Mereka berjalan beriringan sambil tertawa mengingat masa lalu yang menyenangkan sampai akhirnya taman sudah berada tepat di depan mata mereka.
Pemuda calon walikota ini berlari kecil. Matanya membulat melihat dua sosok di taman yang sangat ia kenal.
"Oii Teme!!" teriaknya sedikit parau lalu melambaikan tangan.
Sakura segera berjalan ke arah Naruto dan tersenyum senang saat melihat sesosok dingin dengan rambut yang sehitam kayu eboni.
"Sasuke~!" Sakura yang berada di sebelah Naruto pun ikut berteriak. Yang berbeda adalah gadis itu langsung berlari menghampiri dua makhluk yang berada di taman.
Sasuke tersenyum tipis melihat keduanya datang. Tidak cukup terlihat sebagai senyuman di mata keduanya. Wajahnya tampak tetap datar.
"Aaa~ Sakura! Kau kuliah di Tokyo Daigaku kan?" tanya Naruto setengah berteriak. Hinata memperhatikannya. Wajahnya masih berwarna kemerahan.
"Hn! Begitulah. Fakultas Kedokteran, Naru."
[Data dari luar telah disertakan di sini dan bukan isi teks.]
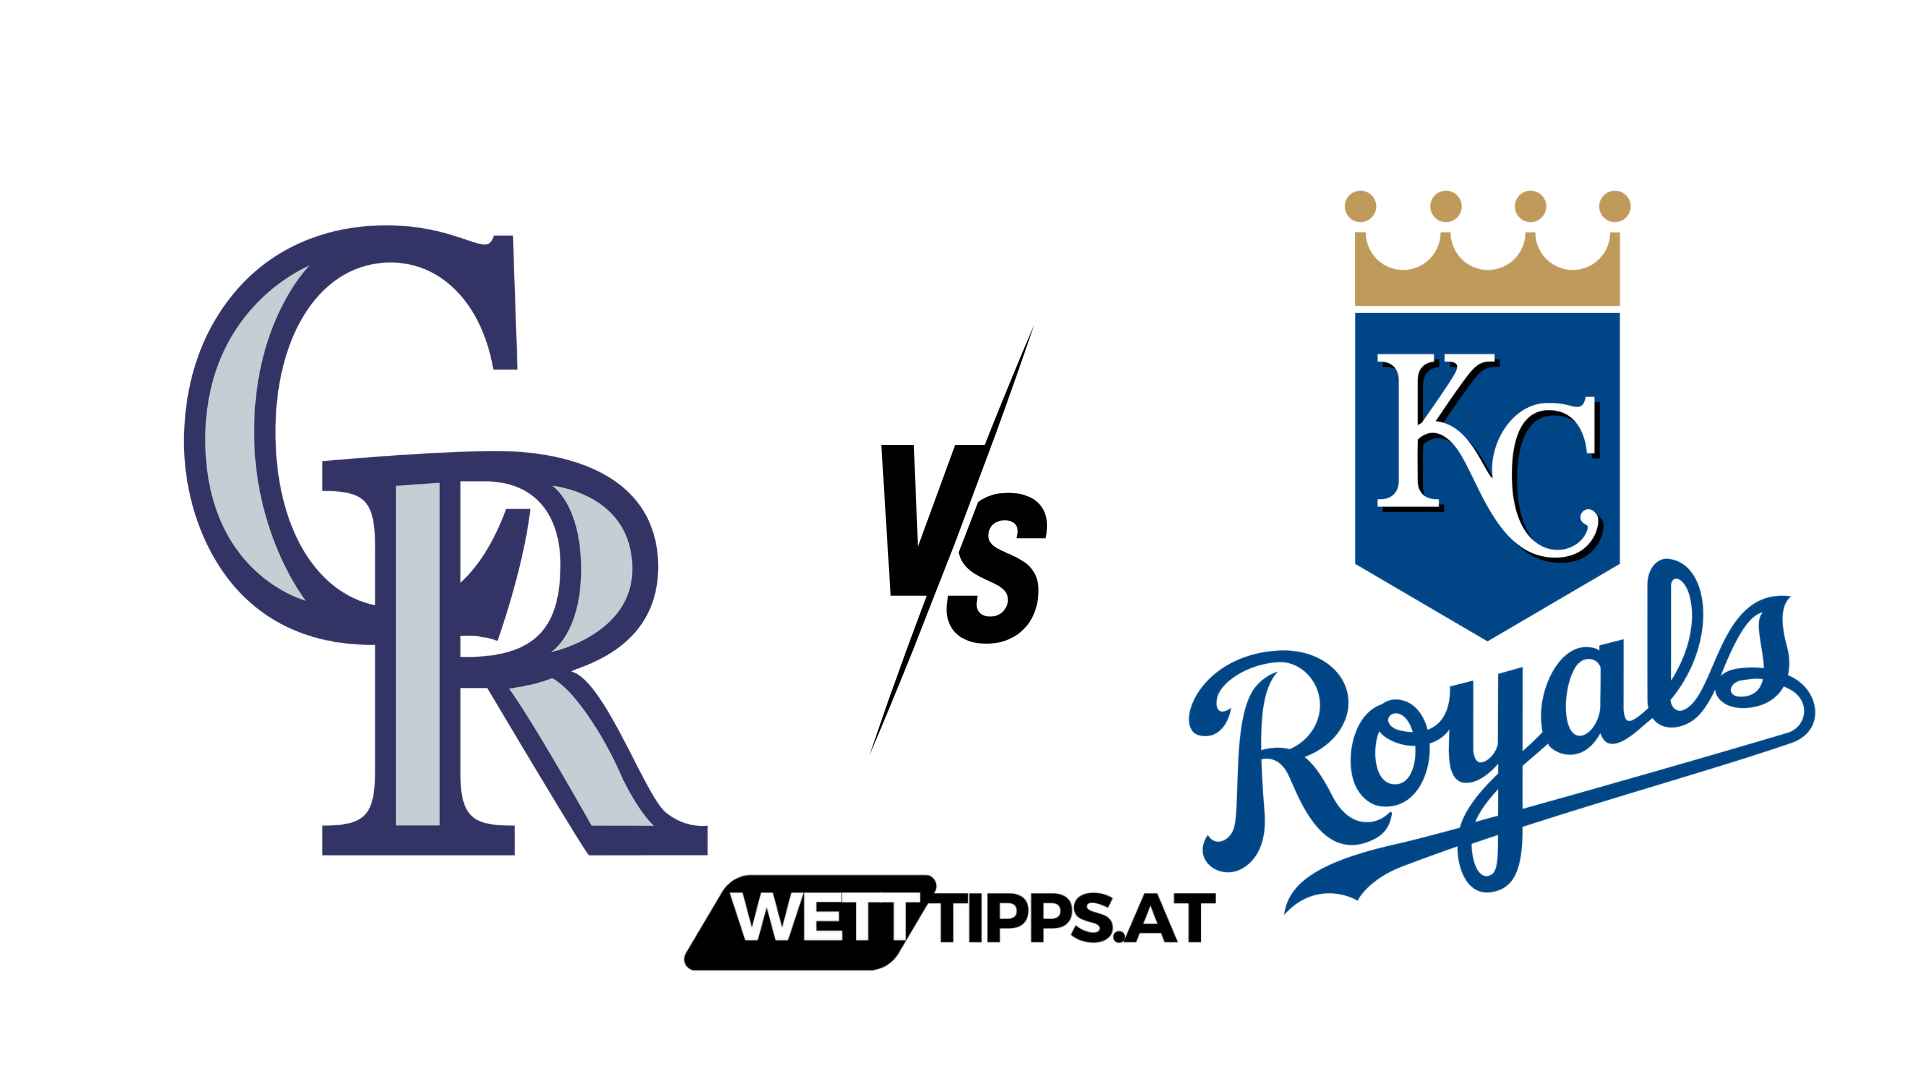 Colorado Rockies vs Kansas City Royals MLB Wett Tipps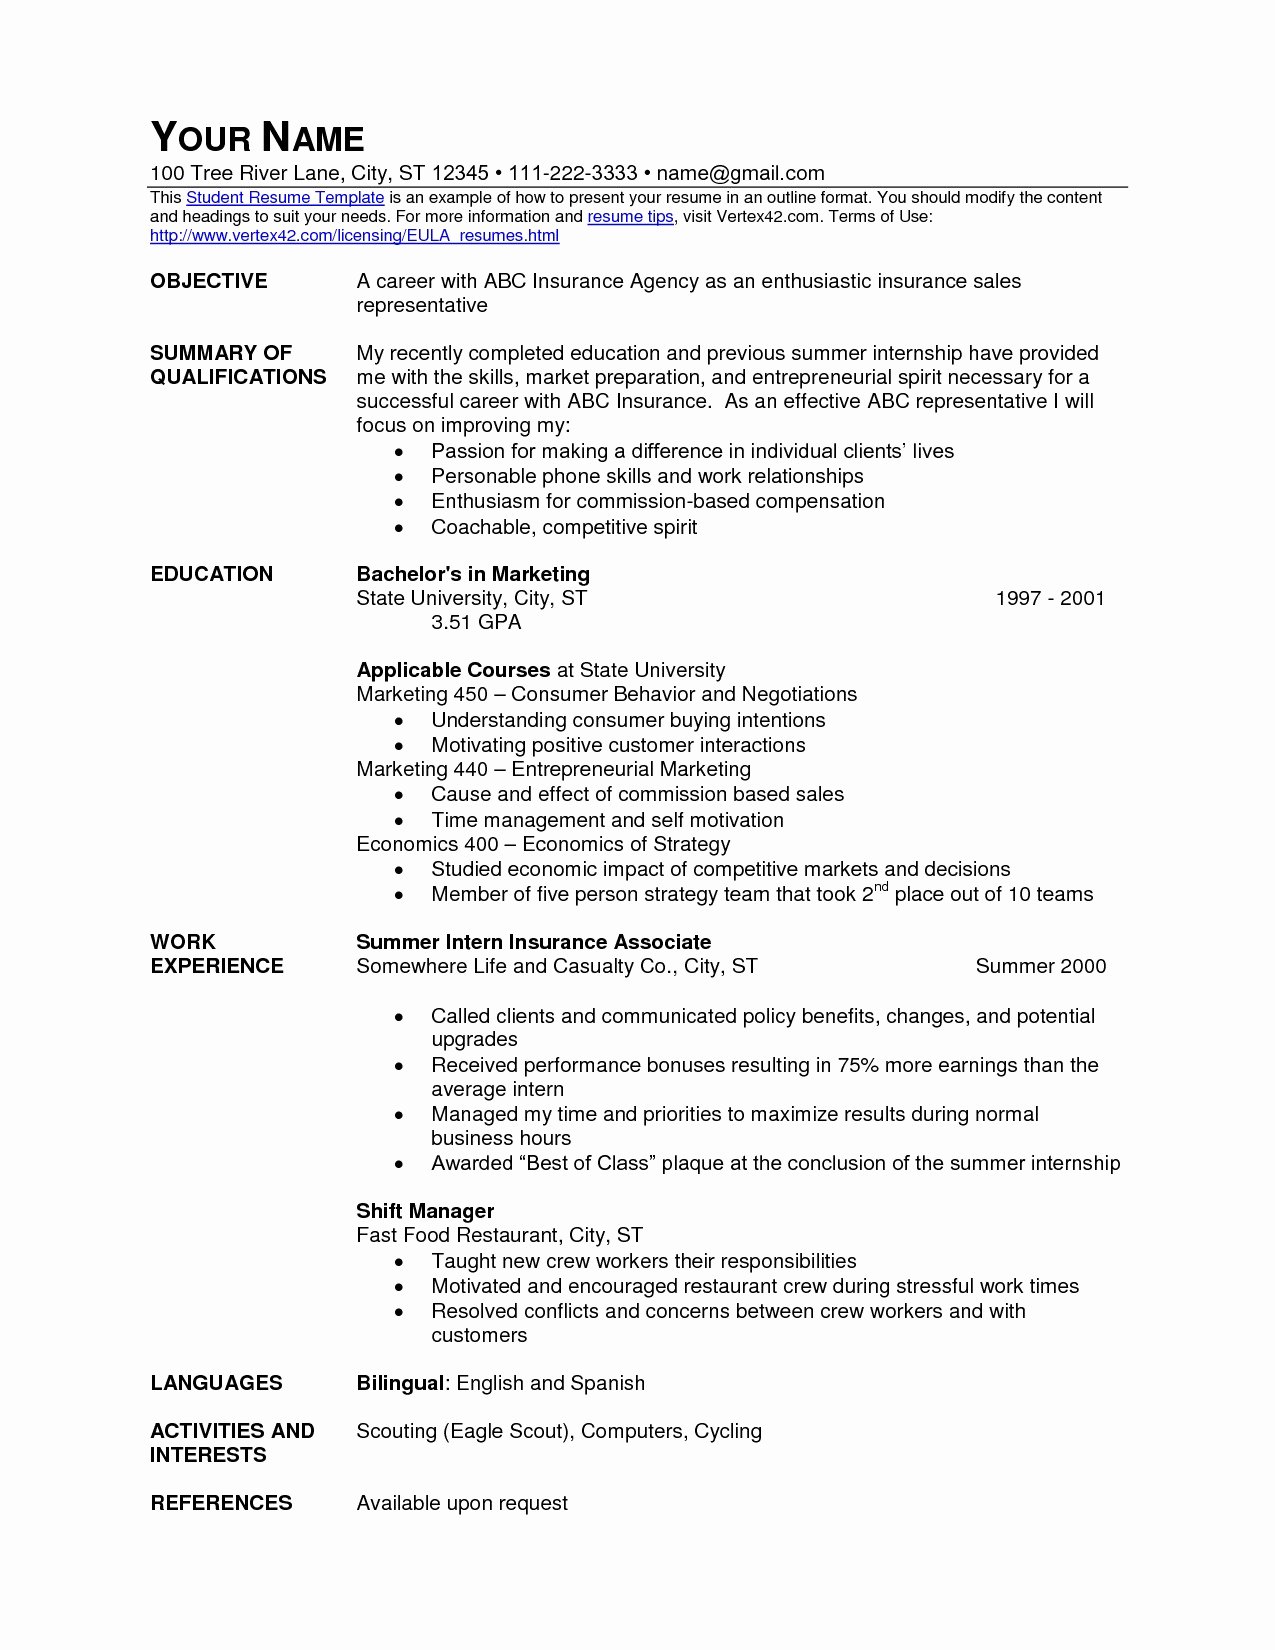 Mcdonalds Job Description Resume Awesome 42 Clean Mcdonalds Crew Member Job Description for Resume

"Ha! Kalau begitu kau dan Sasuke satu universitas dong?! Tidak adil!" wajahnya berkerut kesal dan tangannya memukul-mukul angin. Sakura tertawa. Hinata menatapnya tersenyum dengan wajah merahnya. Sedangkan Sasuke pura-pura tak tertarik untuuk mendengarkan dan segera mengalihkan wajahnya untuk memperhatikan air mancur di dekatnya.
"Hei! Kau kan calon walikota! Universitasmu khusus begitu! Harusnya aku yang kesal!" Sakura pura-pura merasa kesal. Pipi halusnya ia gembungkan dan bibirnya pun dikerucutkan sedemikian rupa untuk meyempurnakan gurauannya. Naruto menggaruk kepala bagian belakangnya yang tidak gatal sambil tertawa pelan.
"Hahaha. Kau baru sampai kan? Tidak istirahat dulu?" tanya pria itu sudah kembali pada mode normal. "Kau juga. Teme?" matanya beralih pada pria satu lagi yang ada di dekatnya.
"Hn."
"Eh? Kau tahu dari mana?"
"Aku dengar dari Tsunade-baa-chan. Berisik sekali dia itu bilang kau pulang ke Konoha. Kau sudah menemuinya?"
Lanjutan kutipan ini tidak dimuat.